Renters caused a disproportionate share of problems in the community, but resident owners also could be bad neighbors. One deranged homeowner lived in slum conditions, with human and dog feces scattered about his house and swamp conditions from a broken irrigation line in the backyard that attracted mosquitoes and increased the risk of neighbors contracting West Nile disease. He would wheel his city trash container to the curb in his undershorts, to the chagrin of a couple across the street who had a toddler. His son, an ex-con, would sometime stay with him and walk through the neighborhood high on something while talking to himself. One day the son turned the gas on in the fireplace, hoping that his father would light one of his cigars and blow up the house. Luckily, the father smelled the gas in time and turned it off. Weeks later, the son was carried out of the house by cops in arm and leg restraints after he had gone berserk and was harming himself by banging his head against a wall.
At least residents of the HOA and the City of Scottsdale had recourses available to them to deal with such residents. The HOA could fine the bad actors for violating rules, and the city could take legal action against them for violating city ordinances. But if these recourses weren't available, what, pray tell, would doctrinaire libertarians suggest could be done by good neighbors to deal with bad neighbors when polite requests don't work?
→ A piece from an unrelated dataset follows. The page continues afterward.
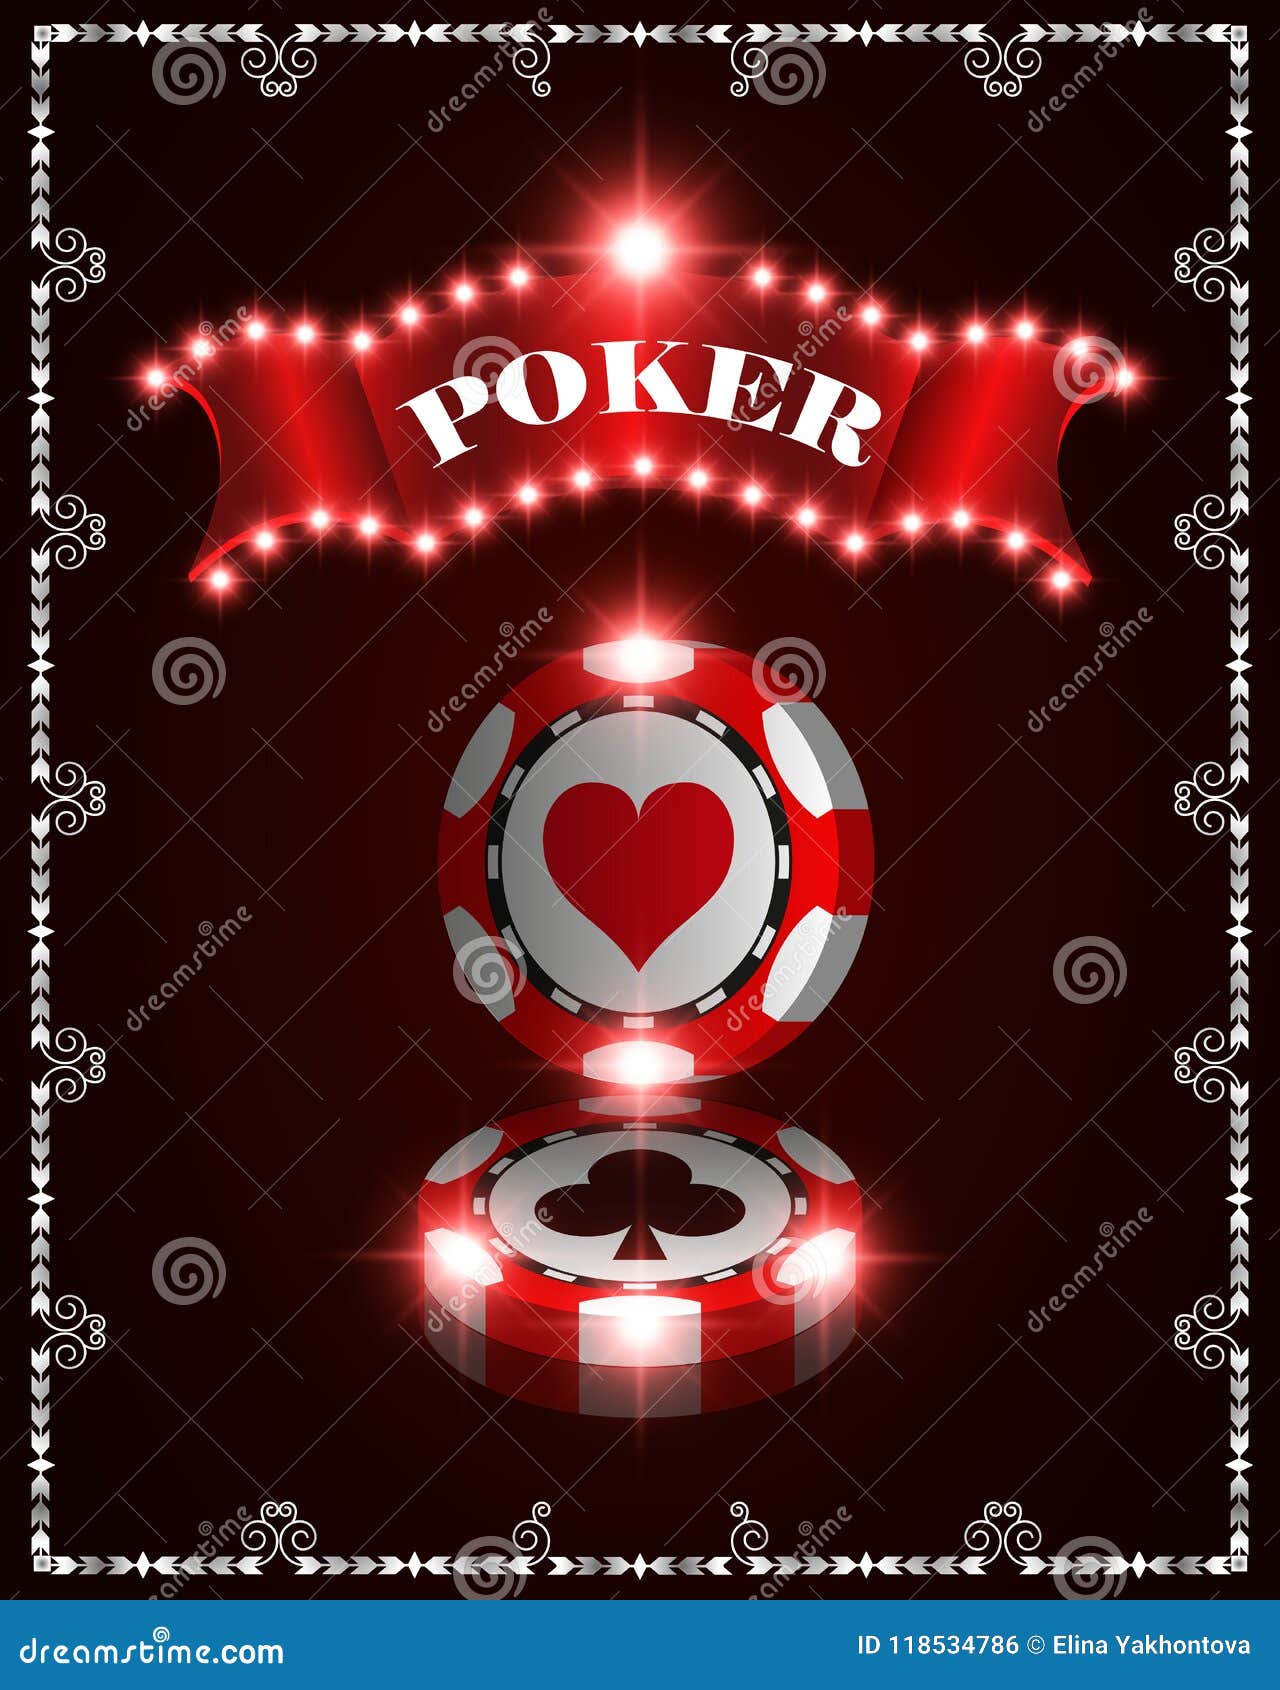 Download Vector Casino Poker Winner Chips, Template For Design ...

Fisticuffs? A duel in the street? A call to the local Mafioso?
Before answering, here is a real case study in what can happen when legal recourses aren't available.
My wife and I bought our first house in semi-rural New Jersey, in a township that didn't enforce property maintenance ordinances. Such ordinances didn't seem necessary to us when we moved there, because our house was on a wooded, one-acre lot and had only two neighboring homes, one of which was a secluded rustic cabin in the middle of three wooded acres that used to be a Boy Scout camp. A hippie-like couple from Denmark lived in the cabin and taught at the local public school. They smoked pot, which was none of our concern; and the wife would sunbathe topless in the backyard, which was the best thing about them living next door.
One day we came home from work and found that they had parked a junker of a Volvo on our side of an outbuilding of theirs, just several feet from our property line. The hood had been removed and put on top of the car. They couldn't see the car from their house or backyard, but we could see it clearly from our kitchen and sundeck. We politely asked them if they could move it and even offered to pay for the towing. They refused. Since the car was an eyesore and would negatively affect the salability of our house, we spent thousands of dollars having large evergreens planted on our side of the property line as a screen, along with having a tall wooden fence installed.
So, once again, I ask my fellow libertarians what other recourse was available to us in the absence of a governing body that would intercede. Poison the neighbors' well? Moon them from an upstairs window? Tackle the husband when he was mowing his lawn?
A doctrinaire libertarian might answer that the New Jersey neighbors had a right to do whatever they wanted on their property. As much as I like libertarians, I hope that someone who thinks this way never moves next door to us.